Agência Brasil
O Conselho Nacional de Justiça (CNJ) decidiu nesta terça-feira (23), em Brasília – por unanimidade – aplicar a pena máxima de aposentadoria compulsória, com vencimentos proporcionais, ao juiz trabalhista Marcos Scalercio, do Tribunal Regional do Trabalho da 2ª Região (TRT2), sediado em São Paulo. Ele foi acusado por ao menos três mulheres de assédio sexual e importunação sexual.
Scalercio encontra-se afastado desde setembro, por decisão do CNJ. Em seguida ao afastamento, foi determinada a abertura de processo administrativo disciplinar (PAD), que agora resulta na demissão do magistrado.
O caso foi revelado em agosto do ano passado pelo portal G1, após as vítimas terem procurado movimentos de combate ao assédio sexual contra mulheres, como o Me Too Brasil e o Projeto Justiceiras. Ao todo, foram contabilizadas ao menos 87 denúncias contra Scalercio.
O CNJ decidiu demitir o magistrado com base em três casos com apuração mais avançada. Em um desses episódios, o ataque contra uma advogada ocorreu dentro do gabinete do juiz no TRT2. A vítima relatou que Scalercio avançou sobre ela e encostou suas partes íntimas, pressionando-a contra parede. Ela conseguiu se desvencilhar e saiu correndo, acionando na hora a segurança do tribunal.
Em seguida, a advogada denunciou o assédio na corregedoria do tribunal trabalhista, mas o órgão, antes de o episódio vir a público, arquivou o caso sem dar andamento às investigações. Somente depois da divulgação pela imprensa, em agosto do ano passado, que o TRT2 – em decisão de seu plenário – resolveu abrir um PAD contra Scalercio.
“Institucionalmente [as vítimas] não encontraram nenhum amparo”, destacou o conselheiro Luiz Philippe Vieira de Mello Filho, ministro do Tribunal Superior do Trabalho (TST). Para o futuro, ele sugeriu a criação de um “locus [lugar] de acolhimento para essas vítimas, nesses casos que não são poucos no judiciário brasileiro”.
Outros casos
Os outros dois casos julgados nesta terça-feira pelo CNJ dizem respeito a uma aluna do curso Damásio Educacional, onde o magistrado dava aulas de Direito, e a uma advogada com quem Scalercio teve contato por meio de uma rede social. Em ambos os episódios, ele teria se vangloriado do cargo de juiz para intimidar as vítimas, de acordo com os relatos.
Ao fim, prevaleceu o voto da conselheira Salise Sanchotene, que fez uma descrição minuciosa dos acontecimentos narrados pelas vítimas. Ela concluiu que o magistrado teve conduta escandalosa dentro do ambiente de trabalho, registrou um padrão usual de comportamento e praticou atos gravíssimos, passíveis de punição com pena máxima. O voto da relatora foi elogiado pelos demais conselheiros, sendo seguido por todos.

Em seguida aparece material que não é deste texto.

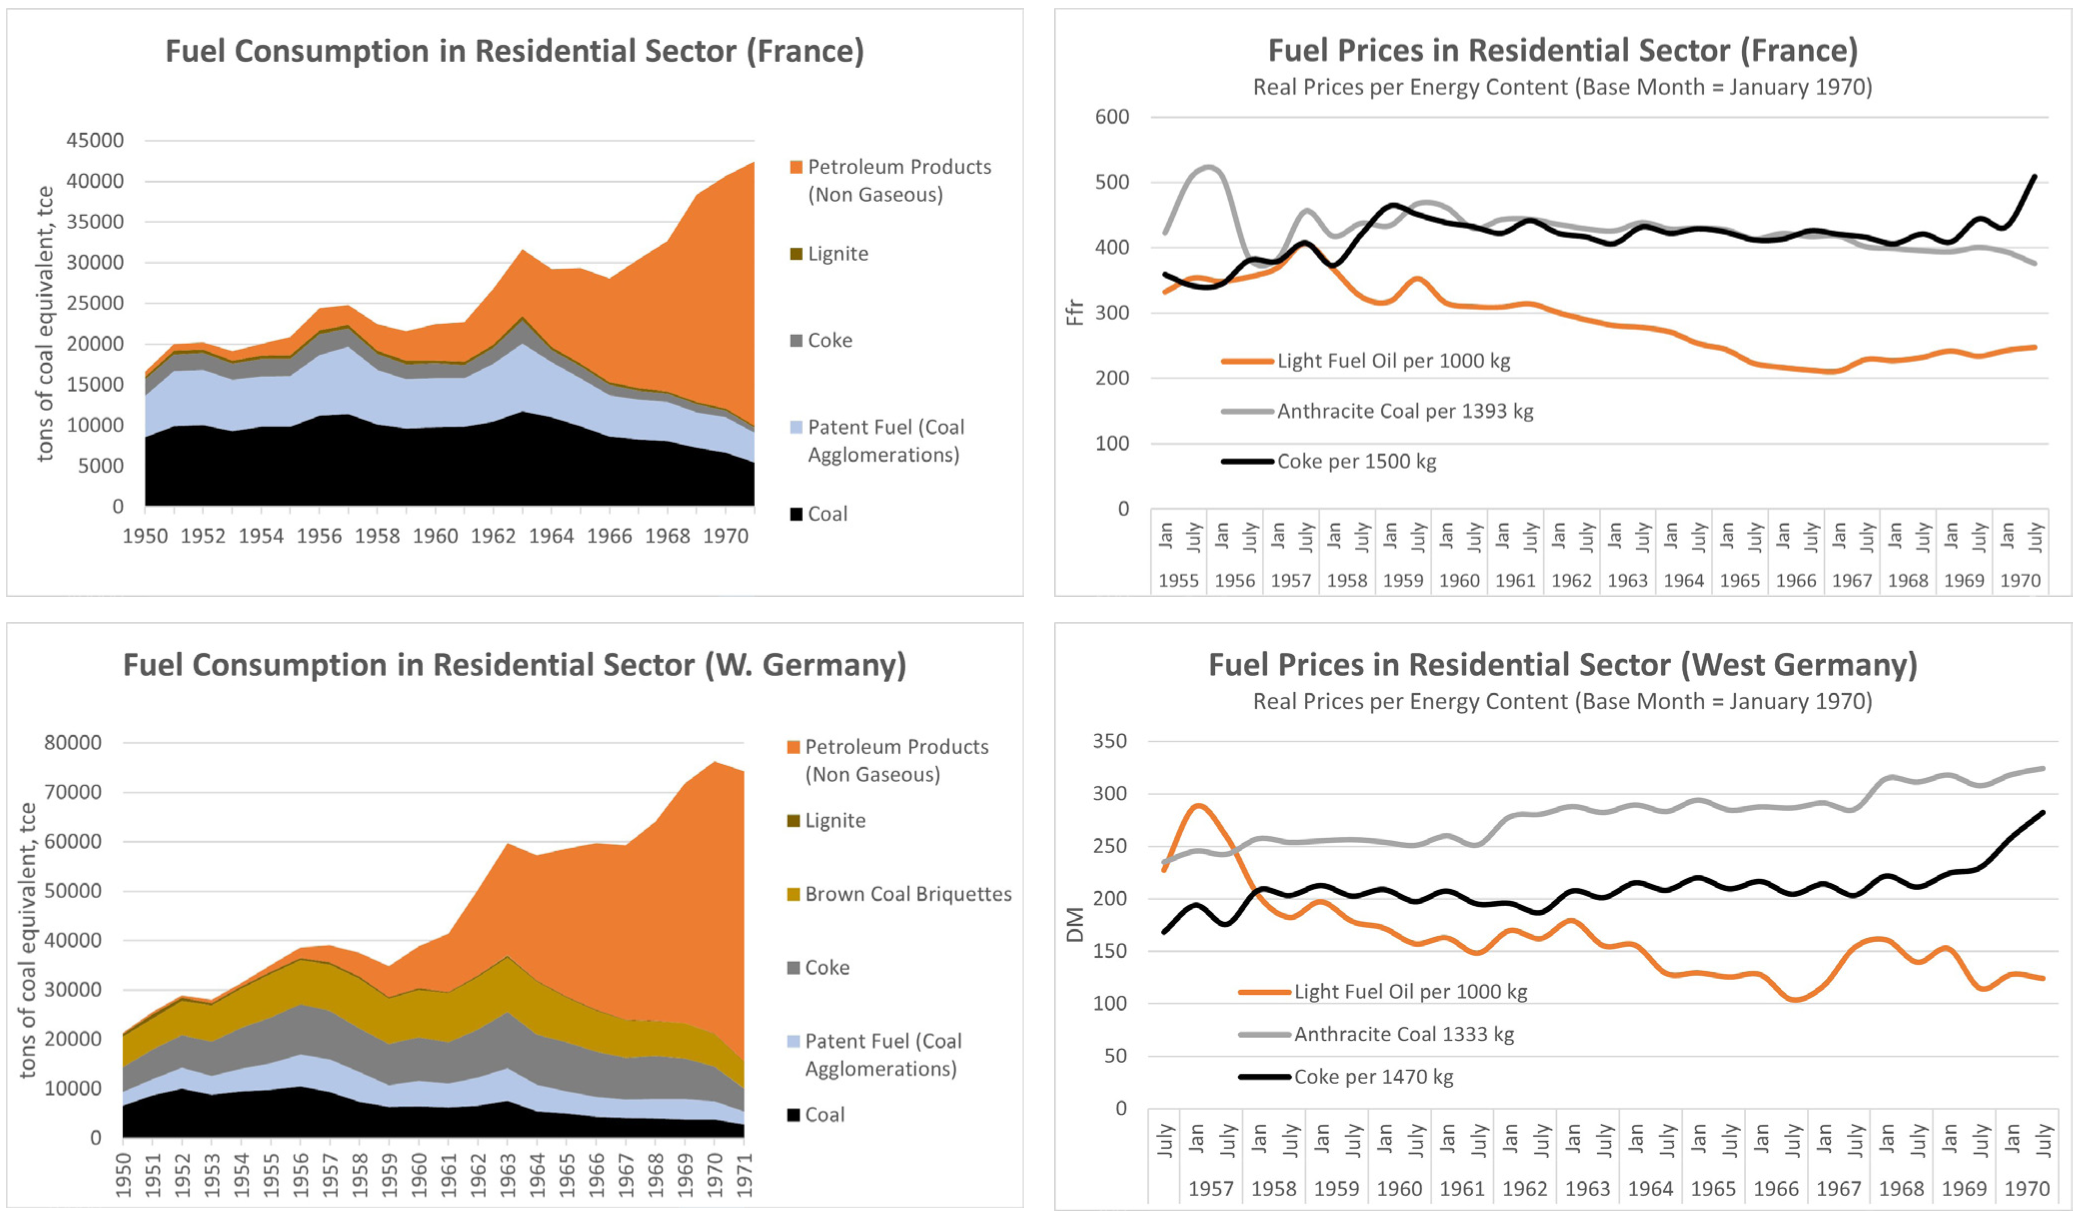 Figure 3: Consumption and Real Prices of Oil and Coal Products per Energy Content in France and West Germany (Residential Sector). Source: Statistical Office of the European Communities, A Comparison of Fuel Prices 1955-1970 (Luxembourg: Eurostat, 1974).

“Esse processo é paradigmático enquanto reflete uma sociedade estruturalmente machista que invisibiliza as mulheres e, mais do que isso, as silencia”, disse a presidente do CNJ, ministra Rosa Weber. “Lamento que a nossa legislação assegure vencimentos ou subsídios proporcionais ao tempo de serviço, mas é a nossa legislação e nós temos que aplicá-la”, acrescentou ela, em referência à pena de aposentadoria compulsória, que prevê a continuidade do pagamento de salário – de modo proporcional ao tempo que o juiz ocupou o cargo.
Em nome do juiz Marcelo Scalercio, o advogado Leandro Raca apontou o que seriam contradições nos relatos das vítimas e argumentou, também, que o CNJ teria aplicado penas mais brandas em casos similares. Em nenhum momento a defesa do magistrado assumiu a prática dos assédios, que também sempre foram negados pelo juiz.